Being an avid hunter and fisherman, he took an advanced course in firearm safety. Eventually, he was asked to "help out" in the firearm safety programs in Rochester, Wanamingo, and Zumbrota, and he accepted the position. He remained as a trainer for 30 years!
I asked him what he taught his students in those 30 years. He said firearm safety consists of more than properly shooting a gun. It's what to do when someone hands you a gun, how to operate it, and what to wear while hunting. Also, knowing how to survive if you get lost is of utmost importance. Wayne learned this lesson the hard way in 1974. He was hunting in northern Minnesota with his son and their 2 friends tracking a moose they had sighted when he got separated from the rest of his party. I asked him how that happened, and he said he didn't map out his coordinates, and he should have been more prepared. He had to build a shelter and shoot and cook up a squirrel to survive in the 2 ½ days he wandered about. On the 3rd day, he was rescued by a helicopter search team, but he was already heading back to camp. How? By using his map and compass like he should have done to begin with! Lesson learned! So, add survival skills to the tool box.
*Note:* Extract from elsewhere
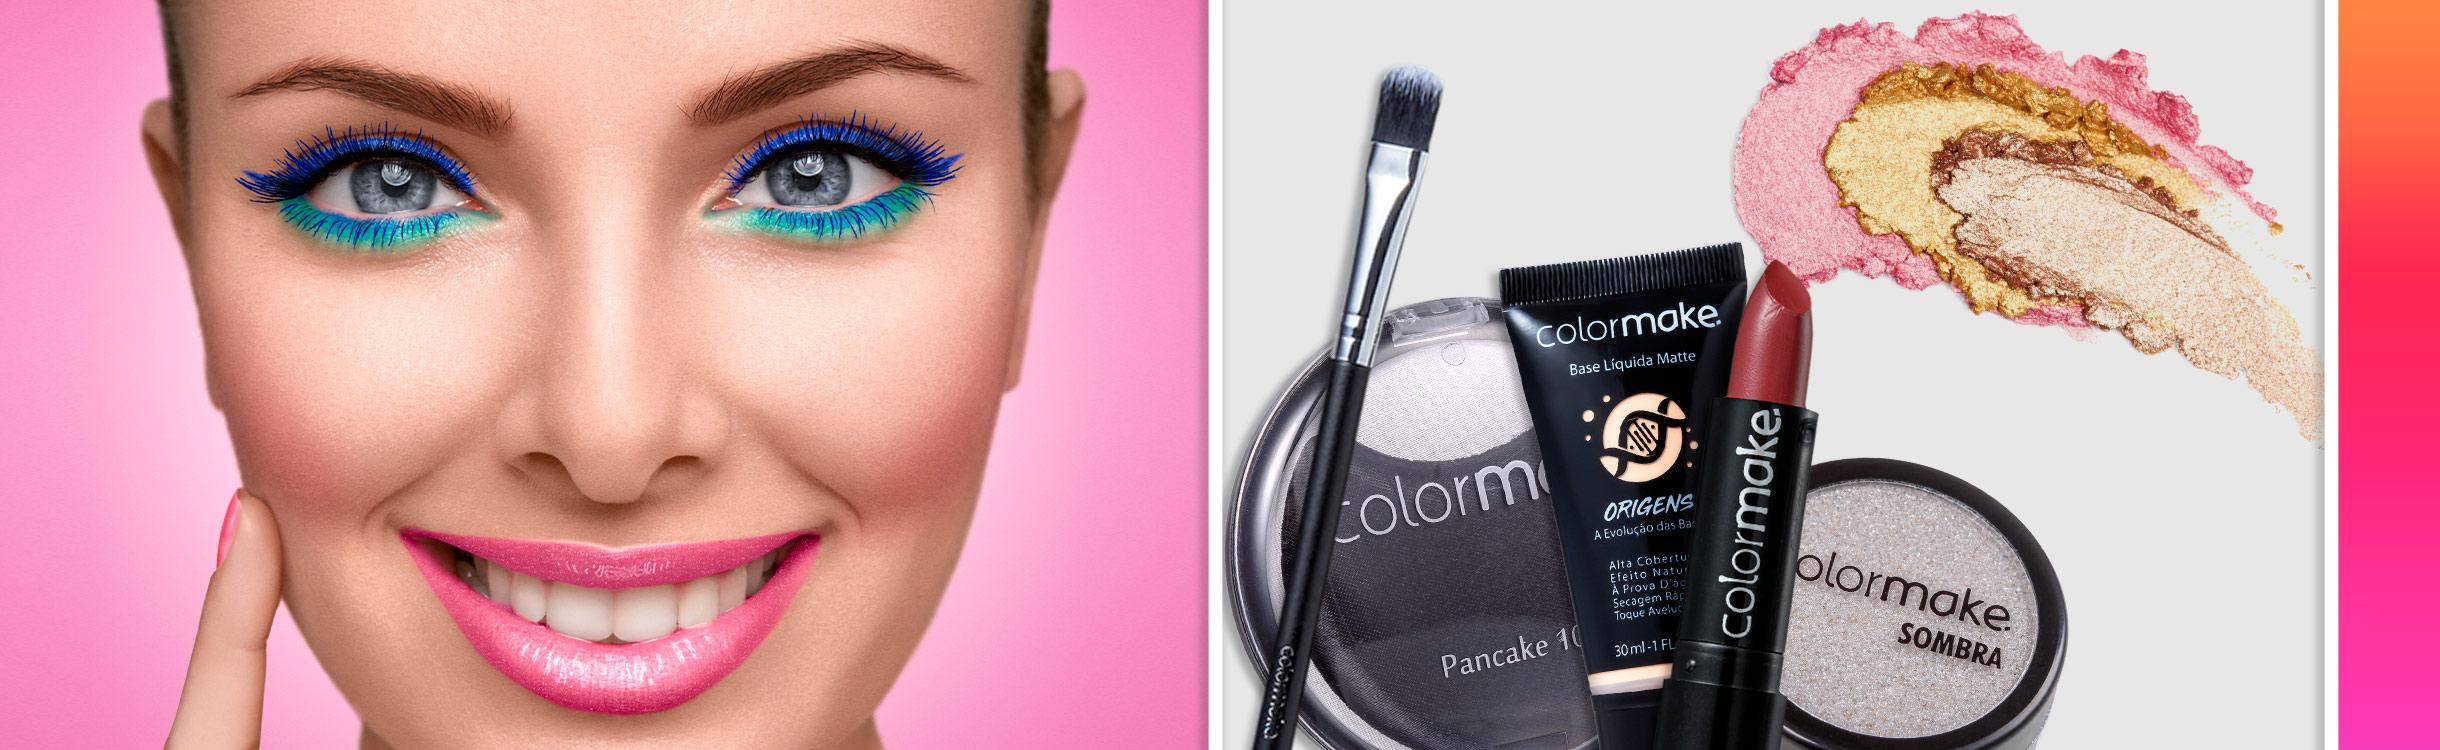 Maquiagem Facial Colormake

Wondering about the ages of those he taught, the answer is 12 to 72. I asked him if he ever hears back from his students, and he said just 2 weeks ago a man came up to him and Audrey at the Dairy Queen and thanked him for his training, and told Audrey what a great job he did.
He has also helped mothers to understand how important hunter safety training is. He teaches the mothers not to be afraid of the gun itself. "With the proper training, a gun is no more than a tool", says Wayne. "When a mother is concerned about her children taking the course, it is because she doesn't understand. I teach her how important it is to know that safety training gives her child knowledge of the tool, and how to properly use it. A firearm won't hurt you unless there's an idiot behind it!'
I asked him where his favorite place to hunt was, and he decided the Northwest Territories were the most eventful. From almost missing a ferry because of being detained at a check point, to the Caribou hunts he had the pleasure of being part of, it ranks at the top of his list. Wayne has hunted in all but two of the Canadian Territories and provinces, and many of the best hunting spots in United States. He has had many experiences on those trips, and has a lot of stories to tell. In his living room are many of the subjects of his adventures! There were a few fish and mammals I had never seen before. What a pleasure it was to hear his stories!
Congratualtions, Wayne, on a job well done!